Муравьев был неравнодушен даже к убогой природе Севера, а то, что он видел здесь, ошеломляло его своей неповторимостью, и если бы не торопила служба, он проторчал бы в лесу несколько часов кряду. Но сегодня — полеты.

Подумав об этом, Муравьев сразу представил в пространстве сложную кривую, по которой надо провести самолет.
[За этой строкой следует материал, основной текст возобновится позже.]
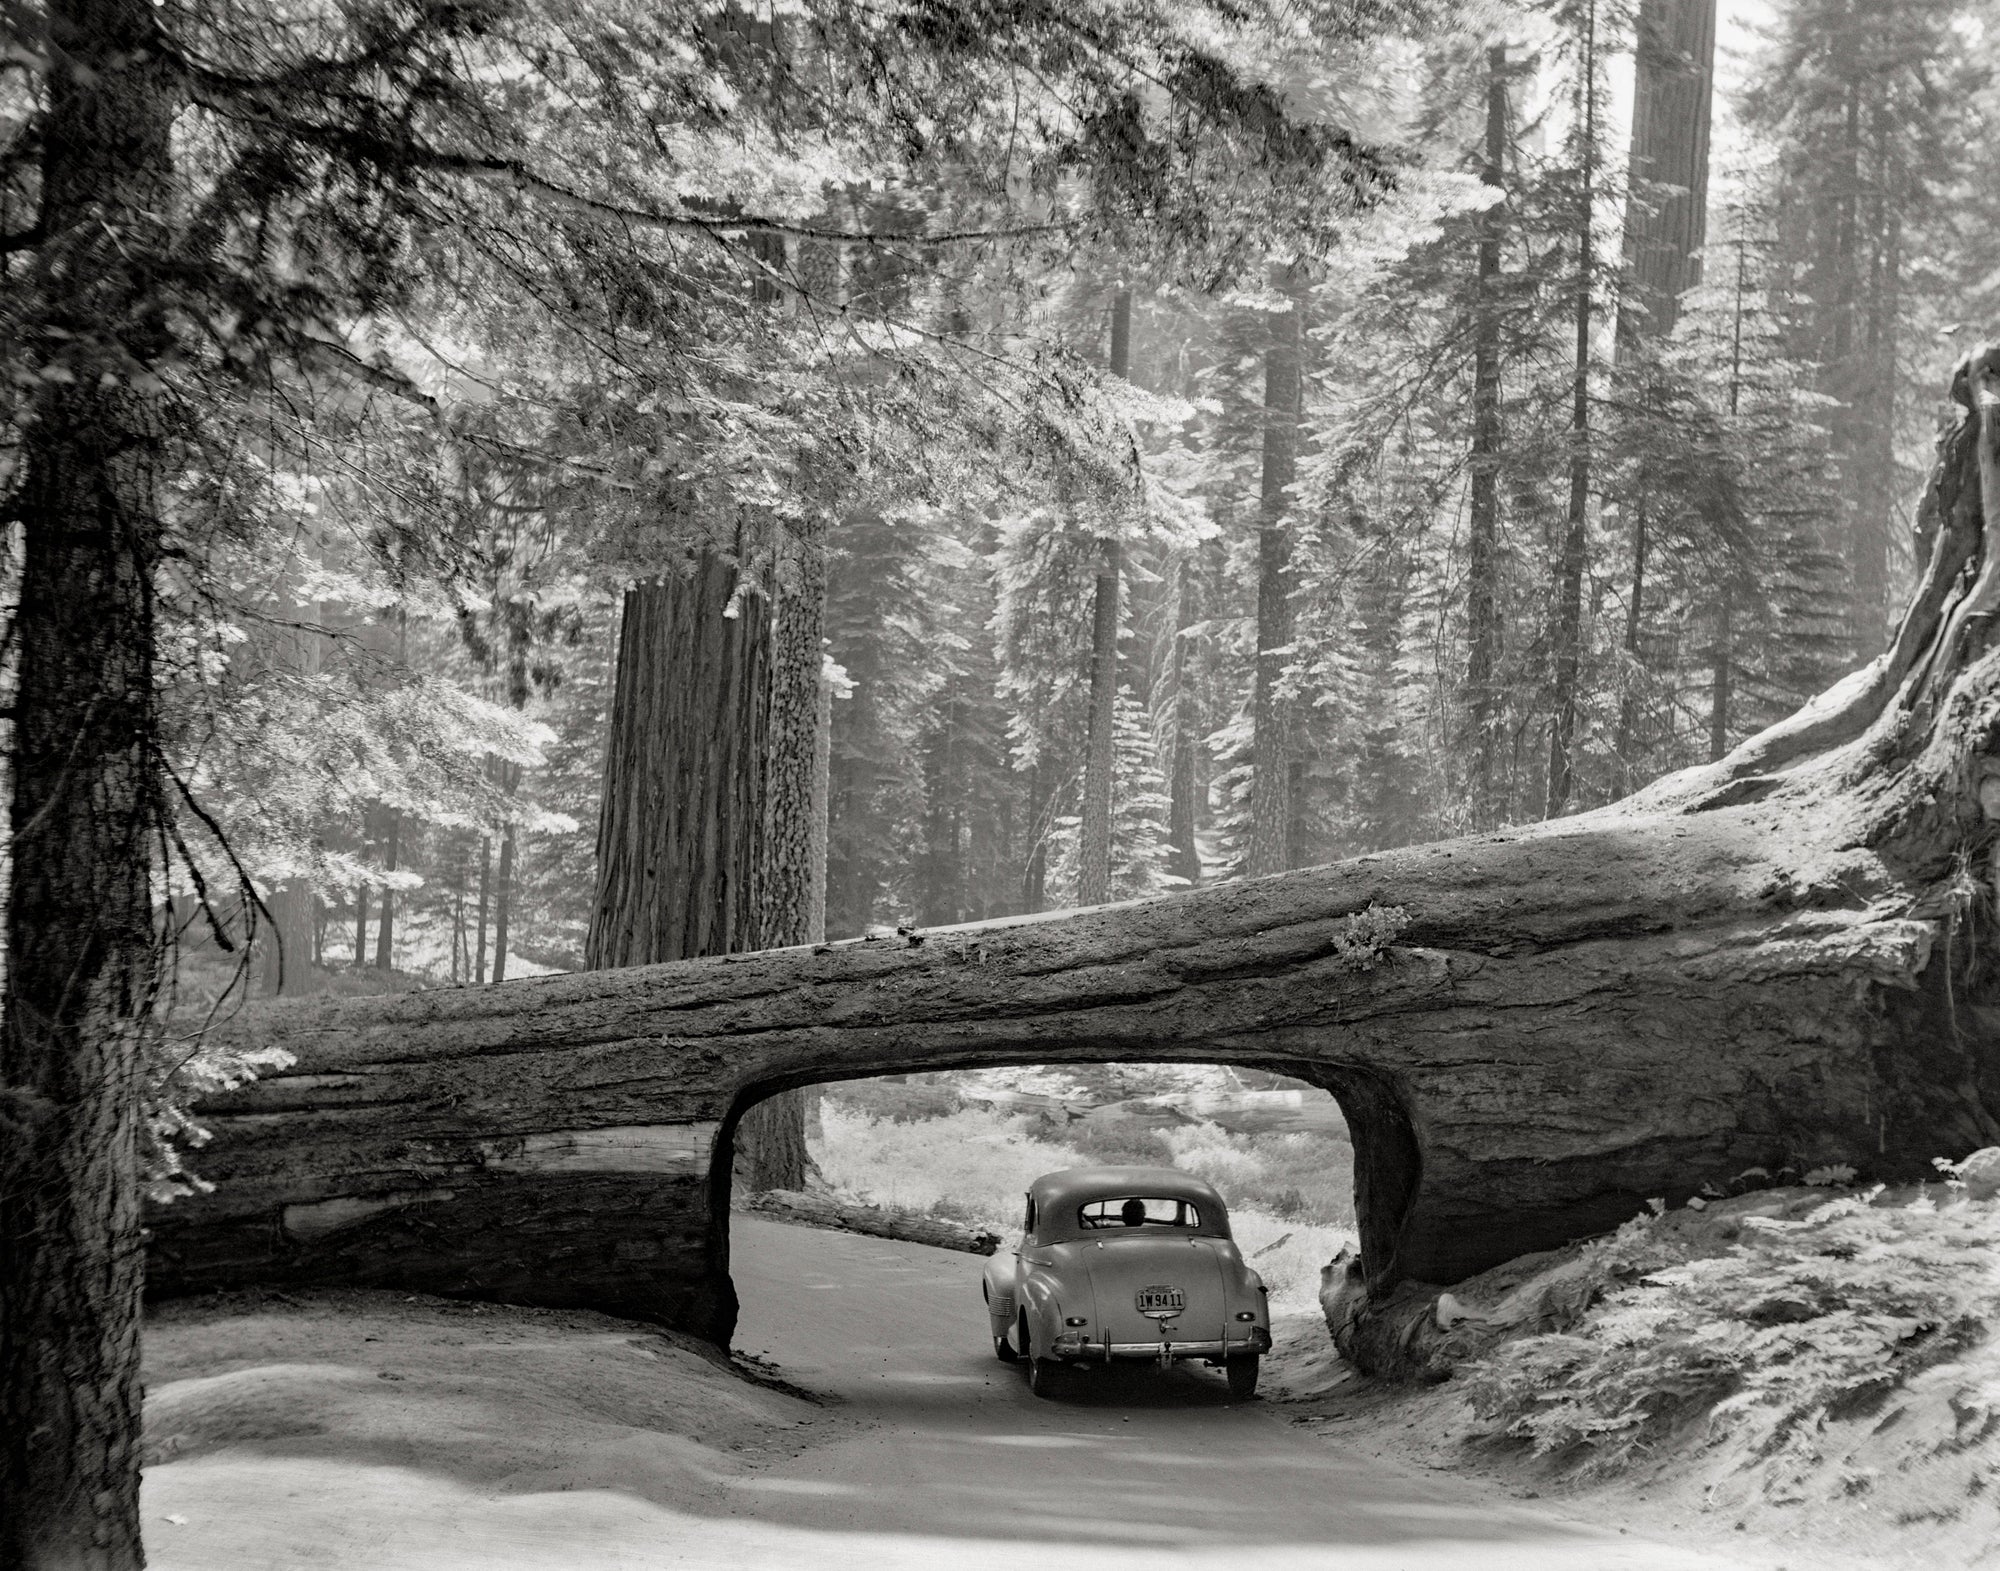 Giant Sequoia Tree Photo, Sequoia National Park, 1957 Historical Pix

Ту самую кривую, которую они с Женькой чертили долго и мучительно, возле которой выстроился родившийся из сложных вычислений столбик цифр и значков, который Белый забраковал намертво двумя словами: вялый темп. Все опять пересчитывали со штурманскими линейками в руках, до предела «согнули дуги» всех разворотов, уменьшили диаметры петель, увеличили количество «бочек» на предельно малых высотах. Все это изобразили графически одной сложной линией, которая соединила точки, обозначающие расстояние, время и скорость.

Разбив график на несколько самостоятельных частей, Белый дописал строчку цифр режима тренировки и размашисто подписался в уголке возле слова «Утверждаю».

Это — основа. Фундамент, на котором вырастет еще не одна фигура. Их подскажут и тренировки, и товарищи, и старшие начальники. А пока — многократное повторение первого отрезка кривой плюс две новые фигуры.

Спустя примерно два часа Муравьев подошел к своему самолету, туго стянутый высотным компенсирующим костюмом, в матово-белом гермошлеме. От стоянки только что укатил заправочный автомобиль, терпко пахло керосином. Басовито, на одной ноте гудел АПА.

Толя Жук издали помахал рукой — он снова был у Женькиной машины. Пока Муравьев производил предполетный осмотр самолета, подошел Шелест. В высотном костюме его ноги казались значительно кривее, чем были на самом деле. Он словно катился по шершавым шестиугольникам бетонки.

— Толя Жук от твоей машины сегодня не отходит, — сказал Муравьев, — забыл, что у него есть еще один самолет.

— А тебе уже жалко, — улыбнулся Шелест, глядя на приближающегося техника. — Он правильно понимает обстановку: дублер если и не взлетит — ничего страшного. А «тридцать пятый» должен быть в воздухе во что бы то ни стало. Верно, Толя?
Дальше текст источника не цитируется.